关于实在的科学与理念化。——对自然的数学化[1]
科学在希腊哲学中有其根源,因为希腊哲学发现了理念和借助理念进行规定的精密科学。它导致作为纯粹理念科学的数学的产生,即作为关于由理念决定的对象的一般可能对象之科学的纯粹数学的产生。科学所面对的是作为自在地存在着的实在东西(与个别的进行认识的主观之主观给予方式的多样性相对的自在存在着的实在东西)的存在者的问题。这是关于处于生成中的存在之流的问题,以及关于处于生成中的存在之同一性的可能性条件问题,即对于存在着的实在东西作同一规定的可能性(作为通过将连续性数学化而对于直观的连续性进行规定的可能性)条件问题。但是这个问题是独立于偶然的主观性的,这首先意味着独立于特殊感受性的偶然性。
面对解决这些问题的任务,这种发展导致作为有关实在的逻辑的,而且首先是作为有关自然的实在的逻辑的存在逻辑的产生,以及作为谓词规定之形式逻辑的直谓逻辑的产生。
就后者而言,它所涉及的是作为诸同一规定的同一基质的一般存在者;另外,它涉及判断形式的多样性以及作为被规定的基质的基质形式的多样性,涉及处于定义之中的谓词的诸形式,以及属于这些定义的假言规定方式和选言规定方式的可能性,诸模态变化的可能性等等。同一的东西是同一化活动的相关物,作规定就是下判断,被规定的东西本身是判断活动的相关物。
属于这里的还有应该能够成为真理的可能的判断之规则,这是推论的,由真理推出真理(间接产生真理)的,或从假言规定(被规定的真理,假设)获得假言真理的可能途径之规则;此外,在这里还有对于思想形式,思想上的可能产物的形式,对于生产途径的可能形式或由推演生产而来的思想的考察,以及对这些思想按照真正思想的可能形式进行批判;同样,这里还有以自明性表现出来的“对象”的、“被意指的东西”的同一性。通过这种自明性,属于可能保持这种同一性的那些必然的东西也变得普遍为人所知了,而同一的东西只经受那些保持其同一性的变化。在这里人们被导致思想形式的同一性,这些思想形式贯穿所有的规定,而这些规定并不破坏被规定对象的同一性。

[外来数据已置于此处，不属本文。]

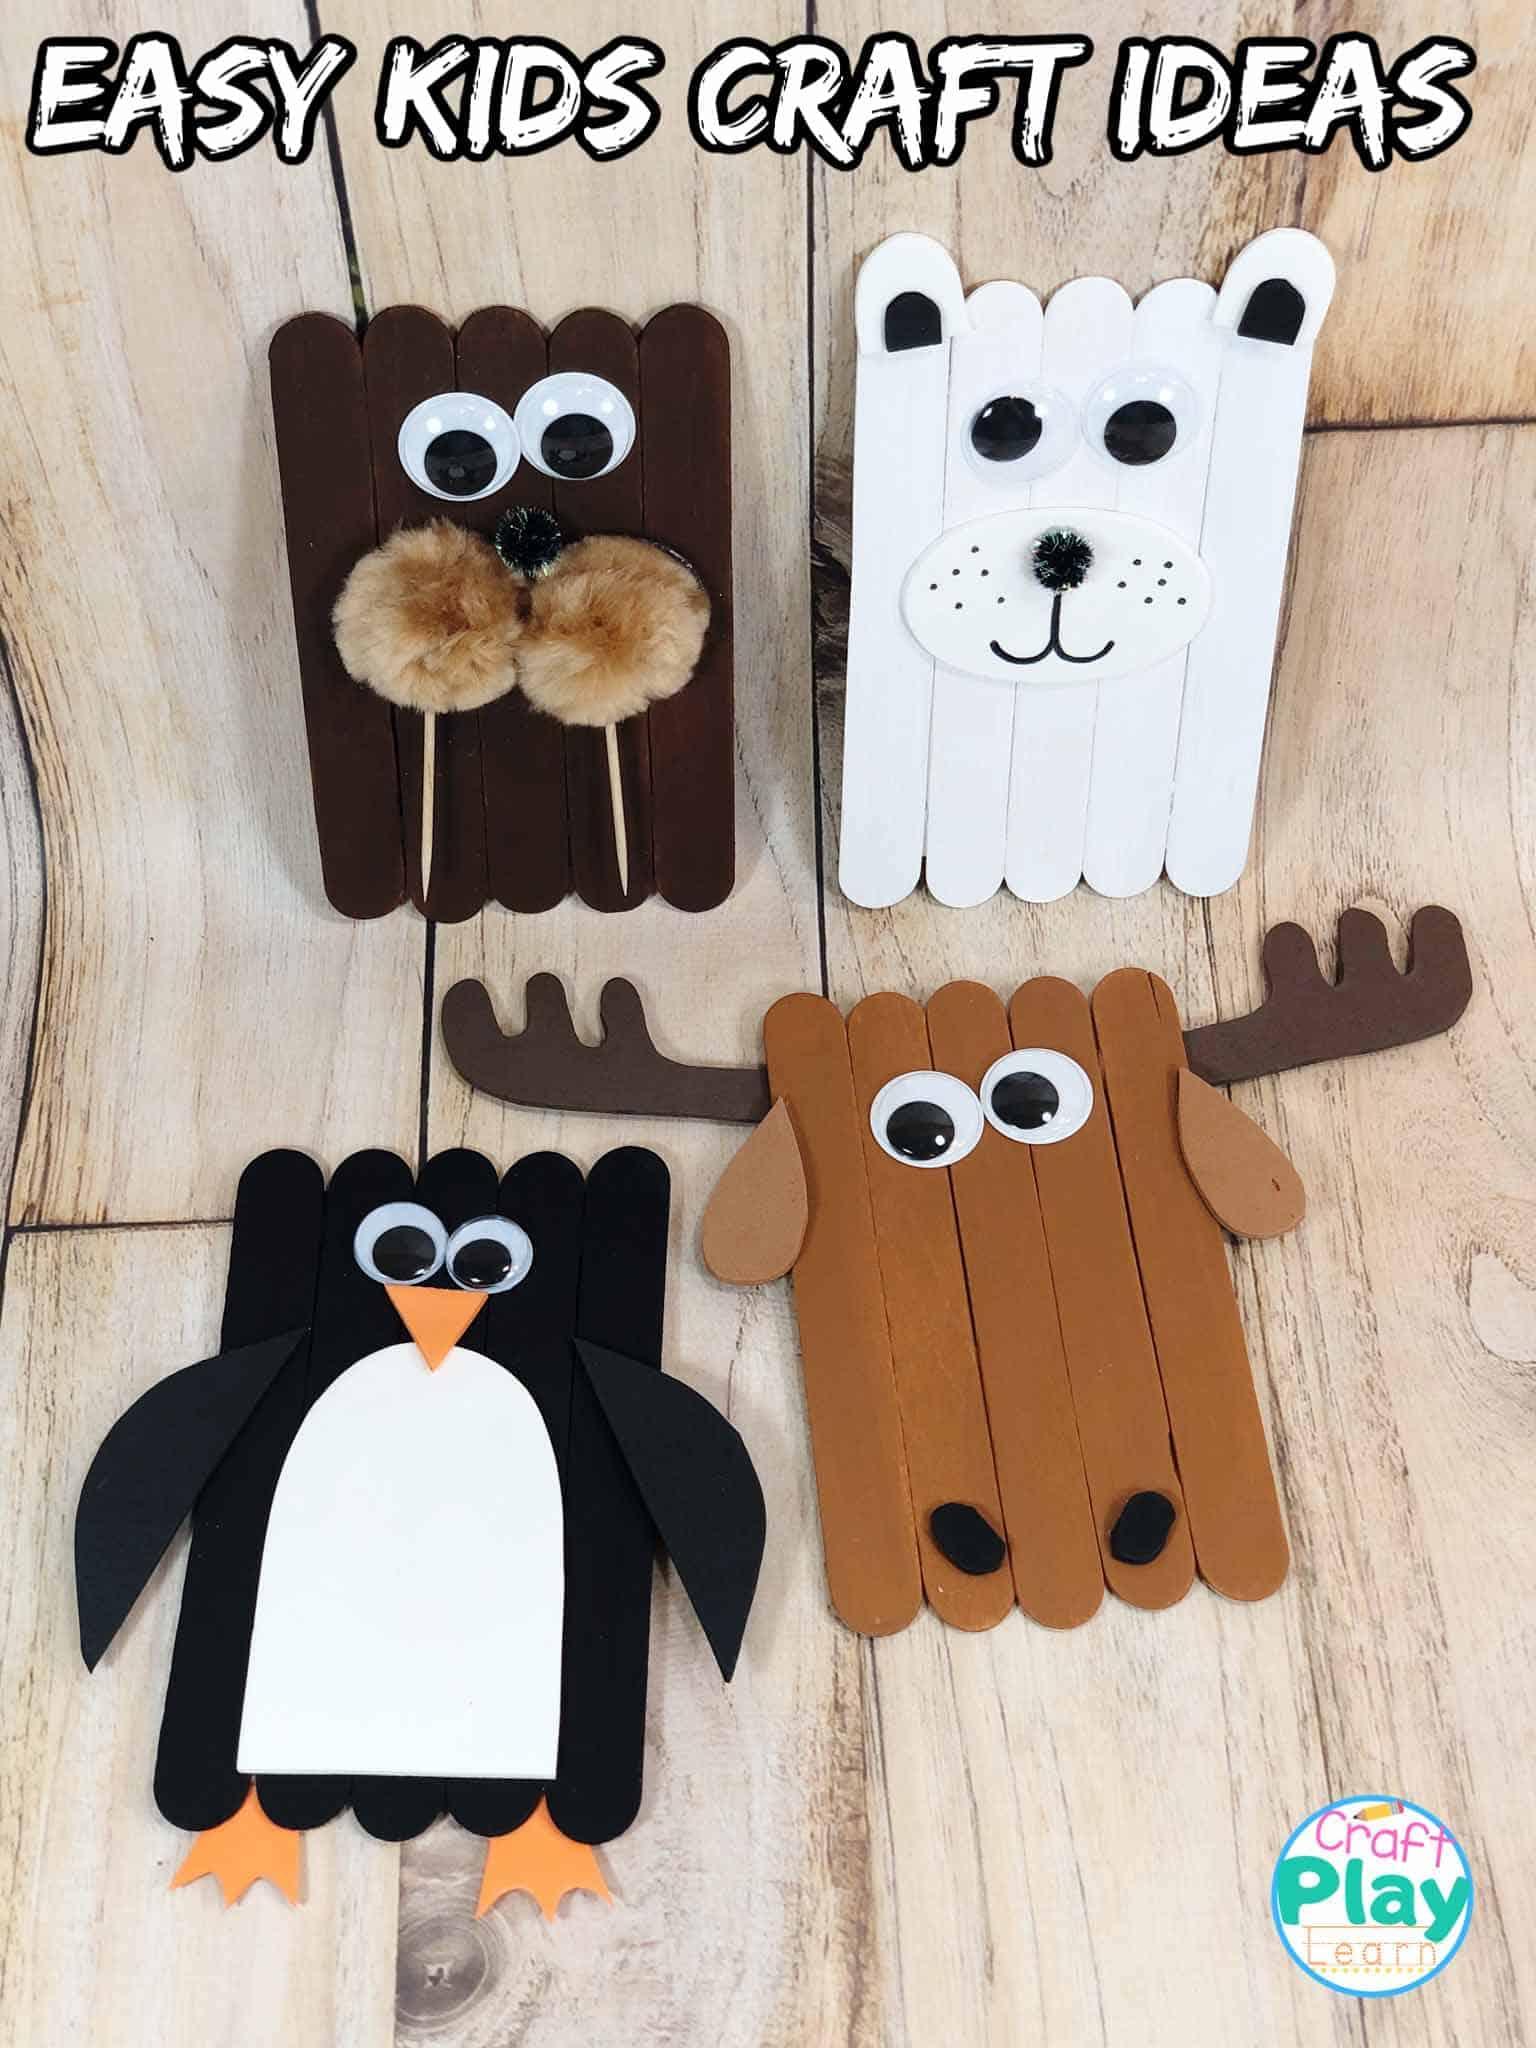 Moose Craft Preschool : moose, craft, preschool, Arctic, Animals, Penguin,, Polar, Bear,, Walrus, Moose, Craft, Learn
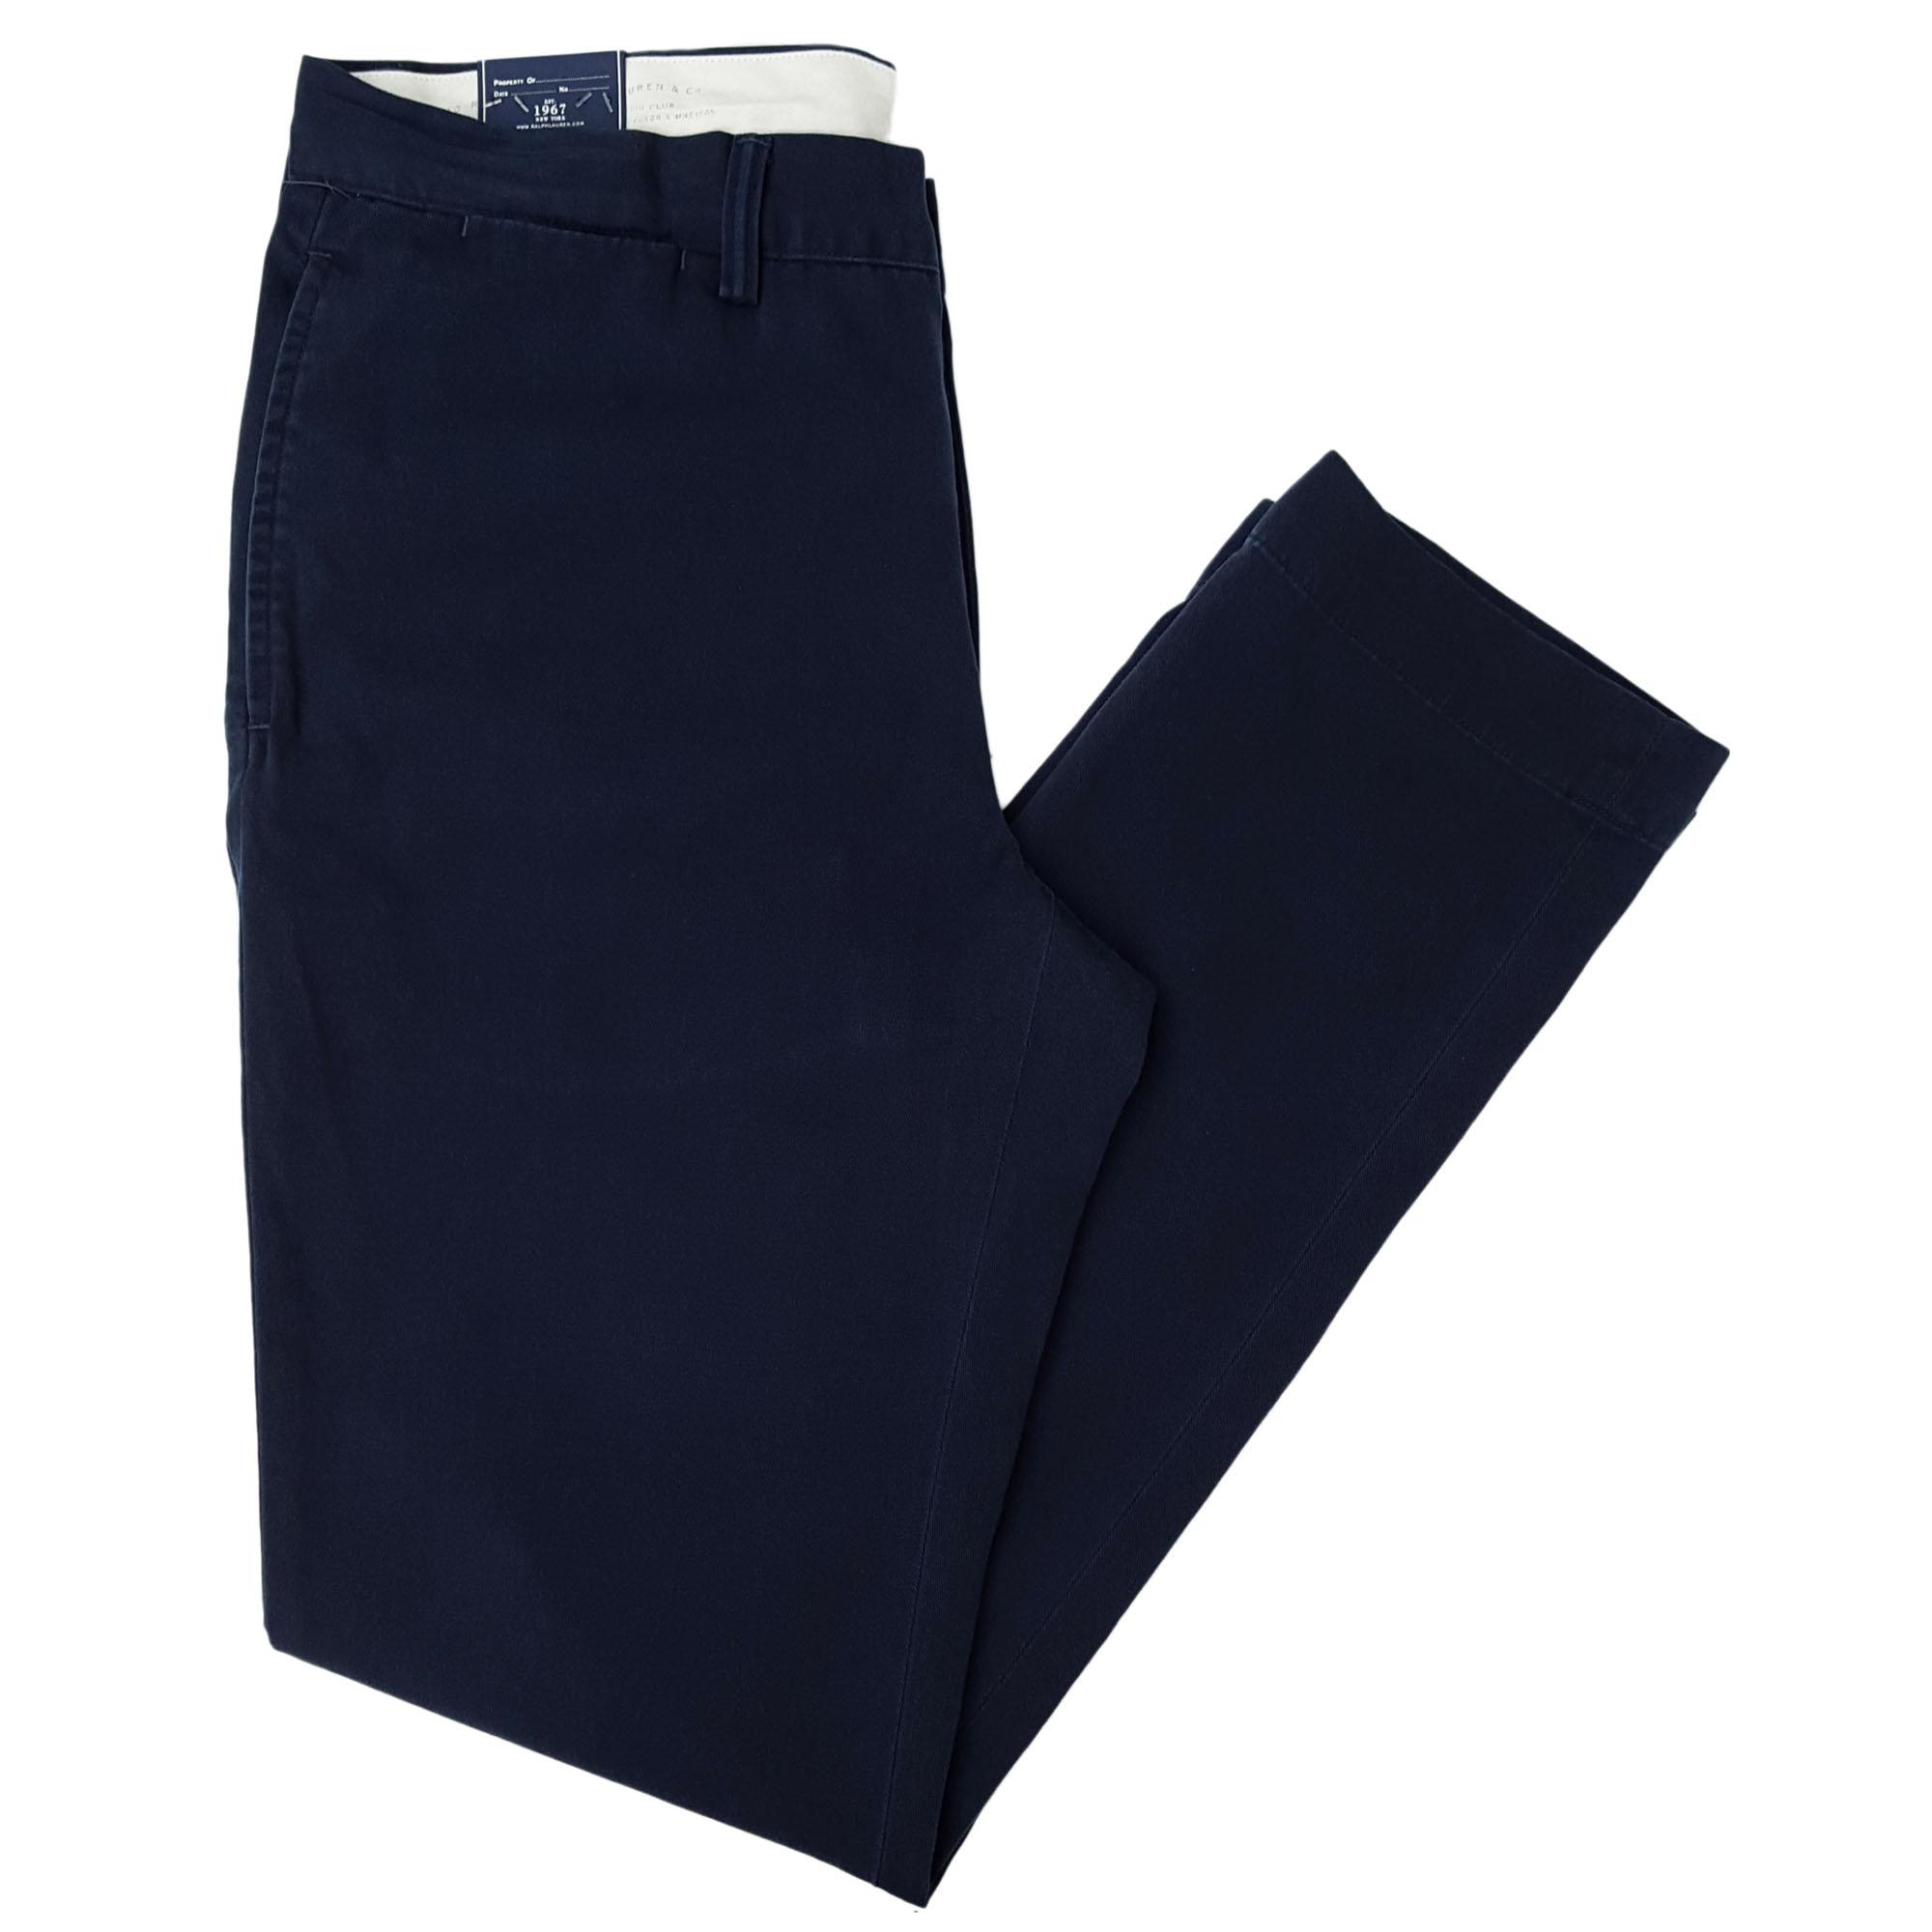 2b8ee5d480a7 Polo Ralph Lauren Men's Slim-Fit Bedford Chino Pants | eBay

面对科学发展的这些最初的萌芽,出现了对于提出客观有效性要求的科学以及一切实践规则的怀疑论批判。苏格拉底式的向自明性返回表示一种反动,而且通过实例使自己明了纯粹可能性的范围,那种保持意义的同一性,保持作为具有规定的实体的对象之同一性并使这种同一性被觉察到的自由变换,也表示这种反动。这种变换与另外那些破坏同一性的变换是对立的。这种变换是在向纯粹的一般东西,向诸可能性的一般形式,向所属的本质可能性和本质不可能性的转变中完成的。产生了一些关于善、美、真正好的政治家,真正法官,真的荣誉,真的勇敢与正义的规范概念,以及有关批判本身的基本概念:正当,不正当,对,错,等等。
因此,怀疑论迫使人们对怀疑的批判进行批判,而且因为这种批判一般涉及到真理之可能性与可认识的存在的可能性,它迫使人们彻底思考可能真理的条件与可能存在的条件,迫使人们认识到,不是含糊不清的思想与谈论,而只有彻底的,指向最终以自明性完成的对可能存在之证明的思想,只有自明性,才能有助于使我们确信真理与存在。我不可含糊不清地胡言乱语,不可去追随传统的模糊概念和被动地聚集起来的经验残余的沉淀物,以及诸如此类的东西;而是必须按照从纯粹直观而来的主动的思想重新创造我的概念,在这种情况下我就会获得有资格成为规范的纯粹真理。一切由纯粹自明性获得的真理都是真正的真理,并且是规范。另一方面,它本身并不需要包含有关规范的任何概念,即不需要包含有关“真的”、“正确的”的变化形态的任何概念;这些概念本身,如果从思想上把握,就会产生一些有关纯真、真理的概念与判断;这些判断本身必须由自明性得来,必须本身是真的,并且能成为假的。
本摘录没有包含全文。